With 20,000 records, there are roughly 200 million possible pairs. At 50,000 records, it's 1.25 billion. Most of those pairs are plainly not duplicates. Asking AI to inspect the whole space is impractical. Asking fuzzy matching to identify duplicates directly is dangerous. We know from experience that it produces confident-looking merge suggestions that can collapse coworkers at the same company, different locations of the same business, or two legitimate records that share a phone number or address.
The real problem was not “can AI find duplicates?” The real problem was how to reduce a huge comparison space into a smaller, auditable review queue without throwing away the pairs that matter.
That changes the design. The first pass should not try to prove that two records are duplicates. The first pass should remove pairs that are very likely not duplicates. Then AI and human judgment can be used where they are actually useful: reviewing the uncertain middle.
AI is useful in this kind of work, but not as an oracle. The mistake is to treat deduplication as a single prompt: here is the CRM, tell us what to merge. That is exactly the kind of workflow that sounds impressive until it breaks trust in the data.
The safer use of AI is bounded. Let deterministic tools handle exact matches. Let code handle blocking and scoring. Let AI critique the design, identify edge cases, and review records after the candidate set has been reduced to a manageable size. Let a human control the merge.
The pattern we used here is unusual enough that it's worth describing. One AI was responsible for proposing logic — scoring weights, blocking strategies, the structure of the review categories. A second AI took the role of skeptical reviewer: challenging the proposed weights, looking for missed cases, and pushing on thresholds that looked too aggressive.

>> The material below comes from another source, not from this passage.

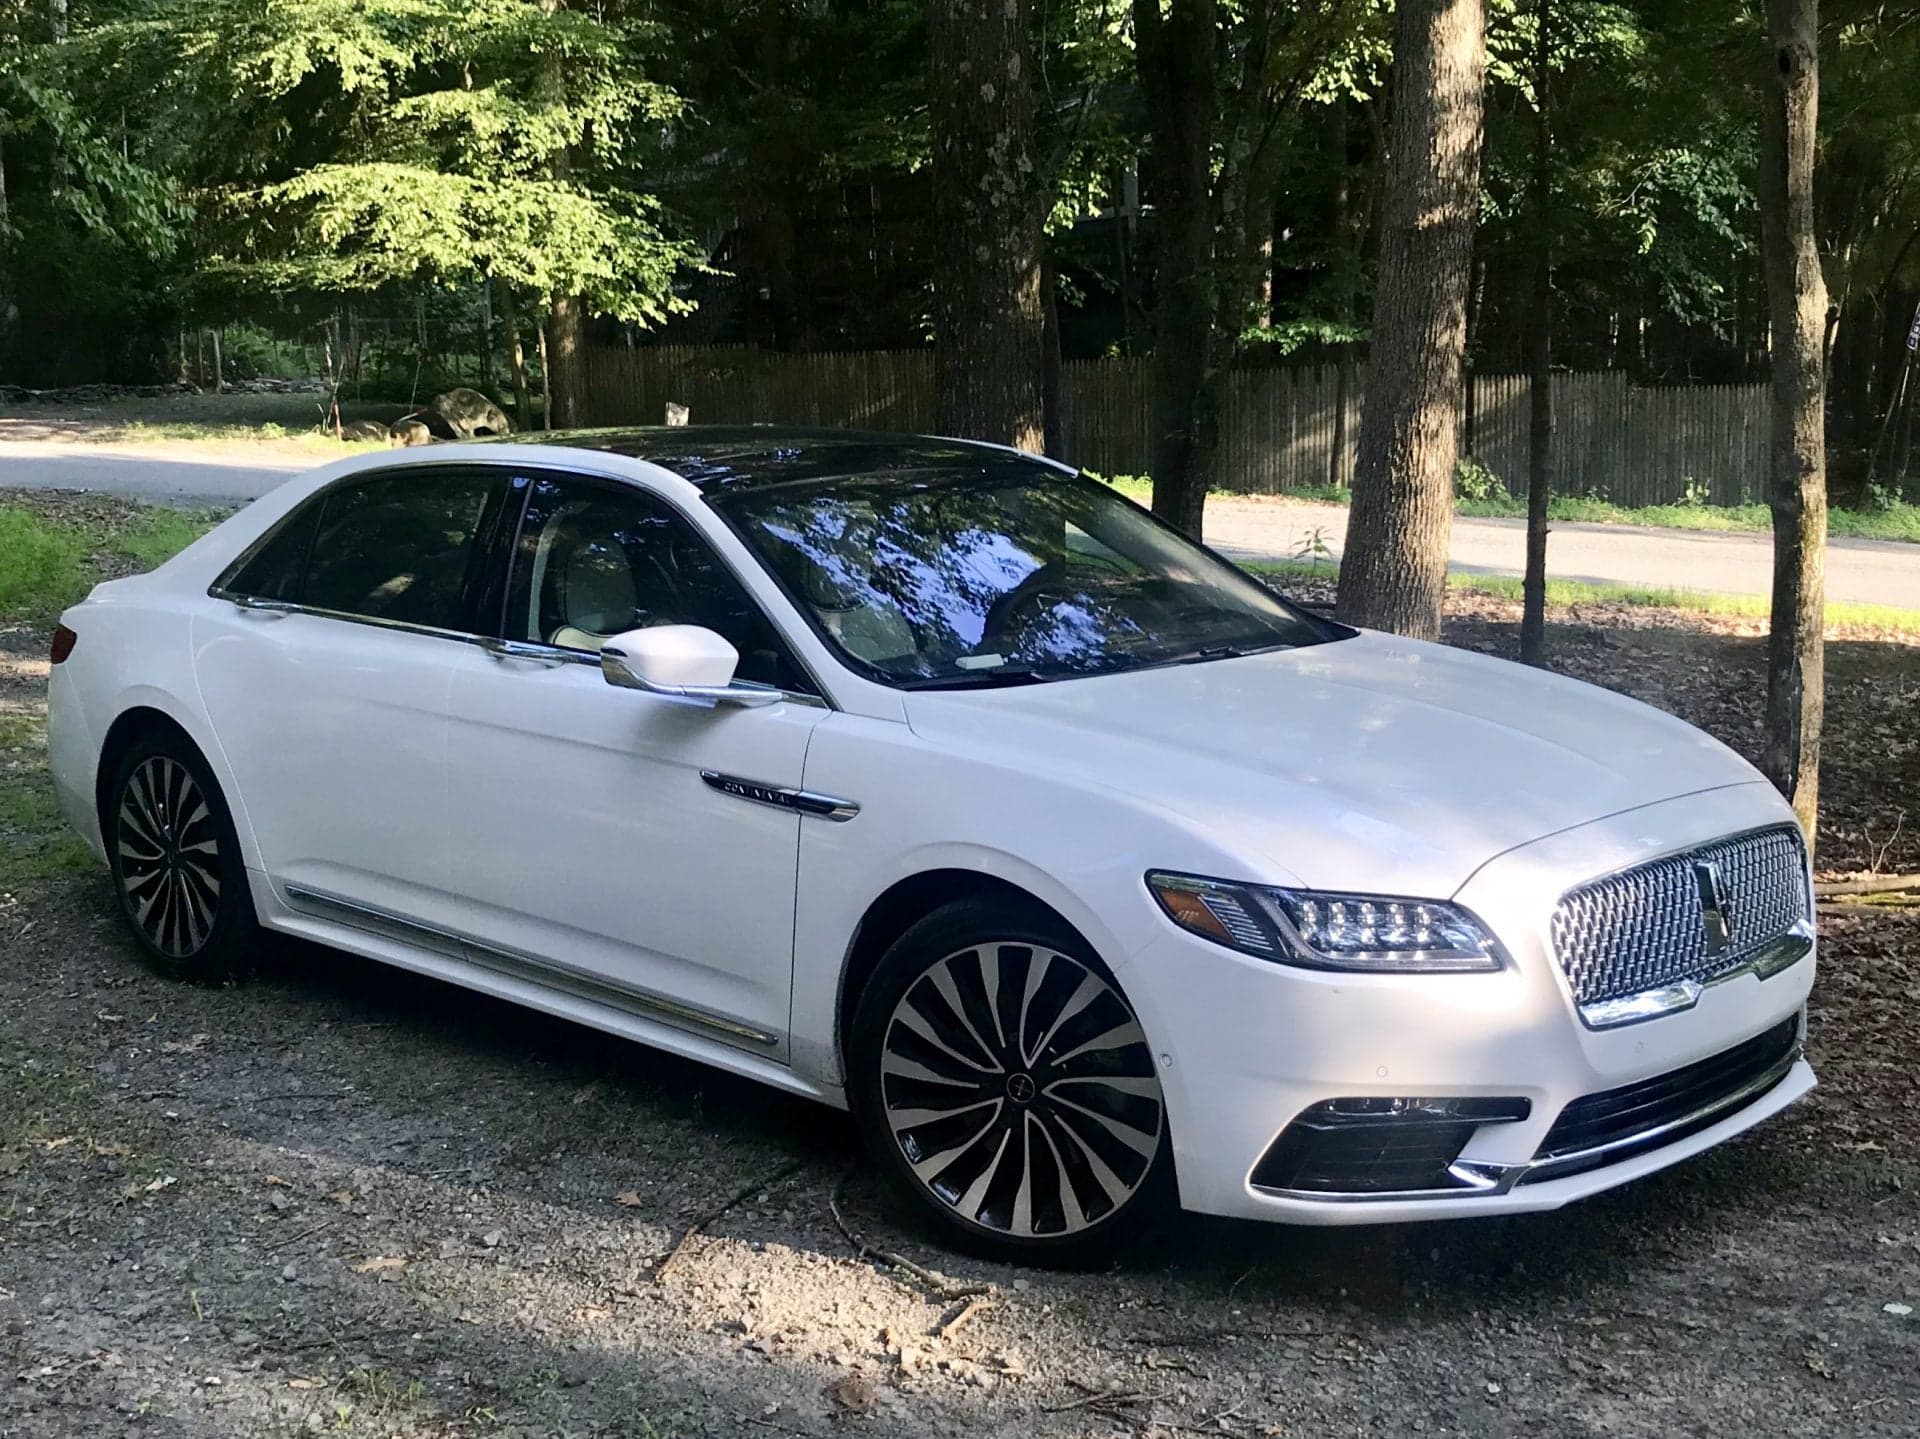 2018 Lincoln Continental Group Review: a High-Tech Take on the Big, Comfy American Luxury Sedan
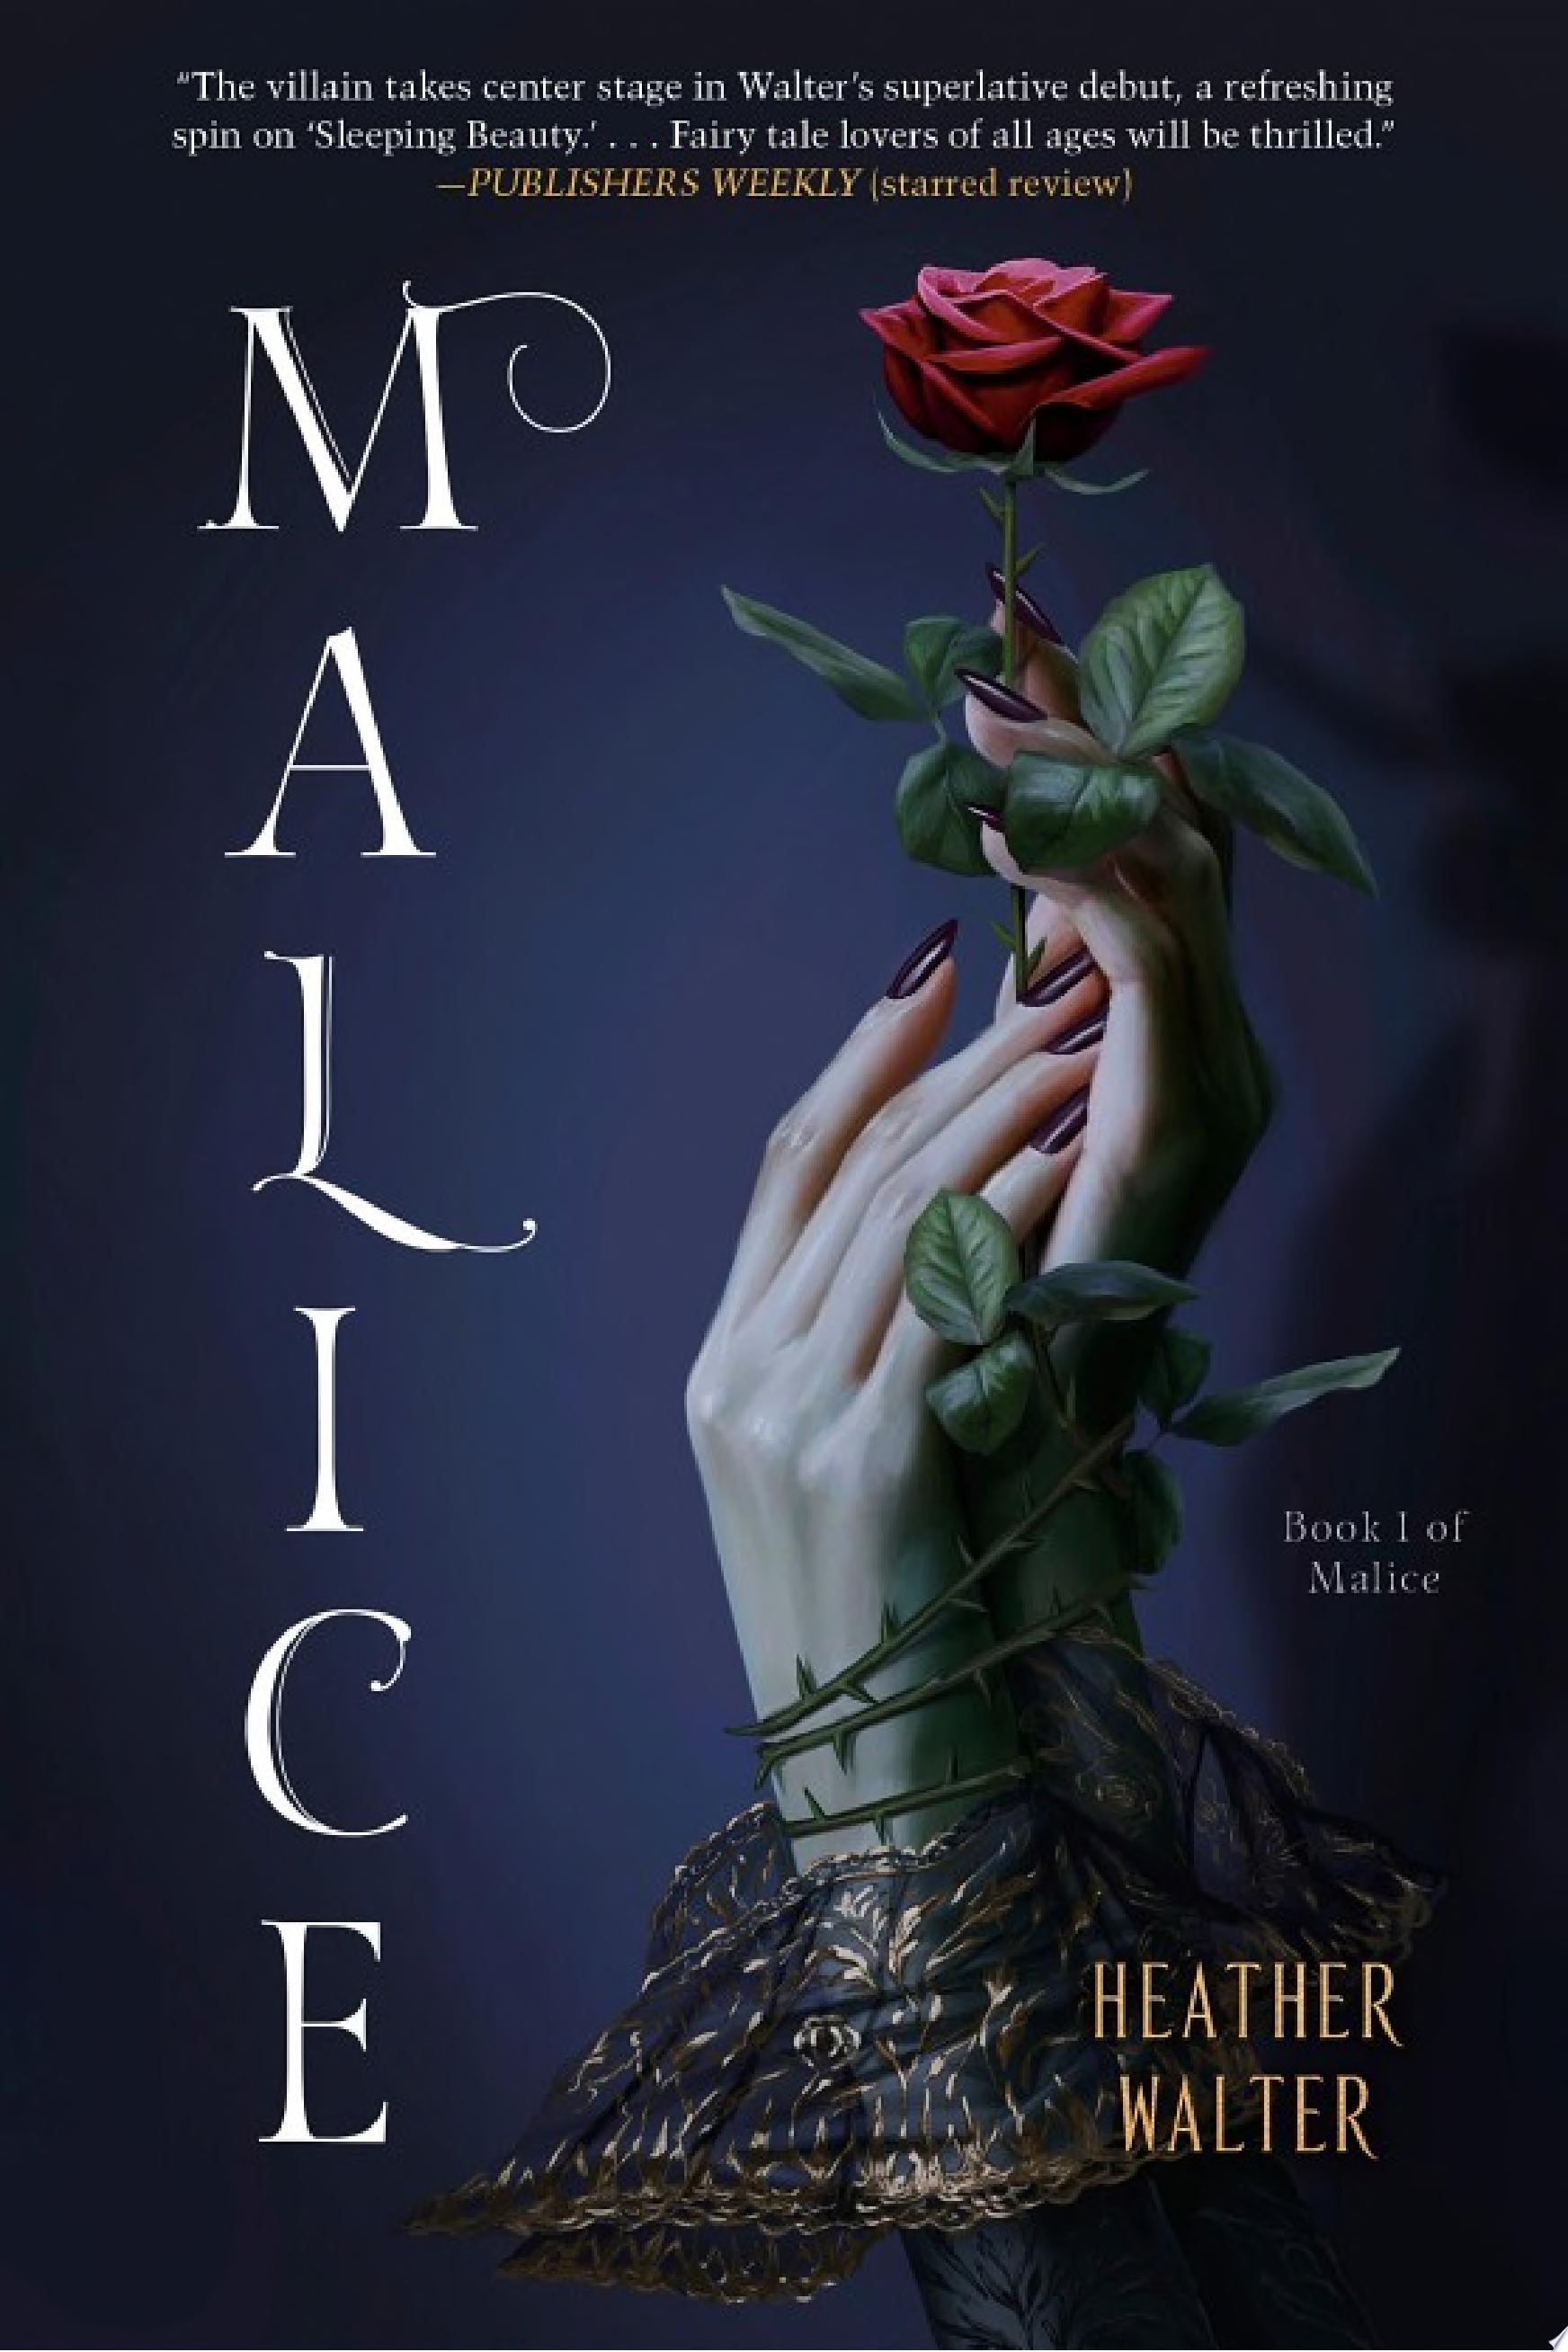 Image for "Malice"

Several real design issues only surfaced because the second AI was specifically tasked with finding them. In one case, the original scoring weights would have confidently discarded pairs where a person had simply changed jobs — same name, new email, new phone, new company. The bug never reached production because the critique loop caught it before a single line of code was written.
The human kept architectural authority and arbitrated when the agents disagreed. That is what separates this kind of work from "vibe coding" — letting an AI produce code you ship without reading it. The discipline that made the difference here was working in pseudocode first: the logic was expressed in human-readable form before any code was written, and it was read and audited at key points along the way.
This is what good AI use usually looks like in real operations: not a silver bullet, but a disciplined process that combines human judgment with automation, critique, and auditability.
The workflow was designed as a four-phase process. The goal was not to automate merges. The goal was to make review possible without pretending the system had more certainty than it did.
Native Zoho CRM deduplication handles exact-match cases such as identical email or phone values. Those should be removed from the custom process before doing anything more expensive or interpretive. If two records match deterministically, there is no need to spend AI review effort on them.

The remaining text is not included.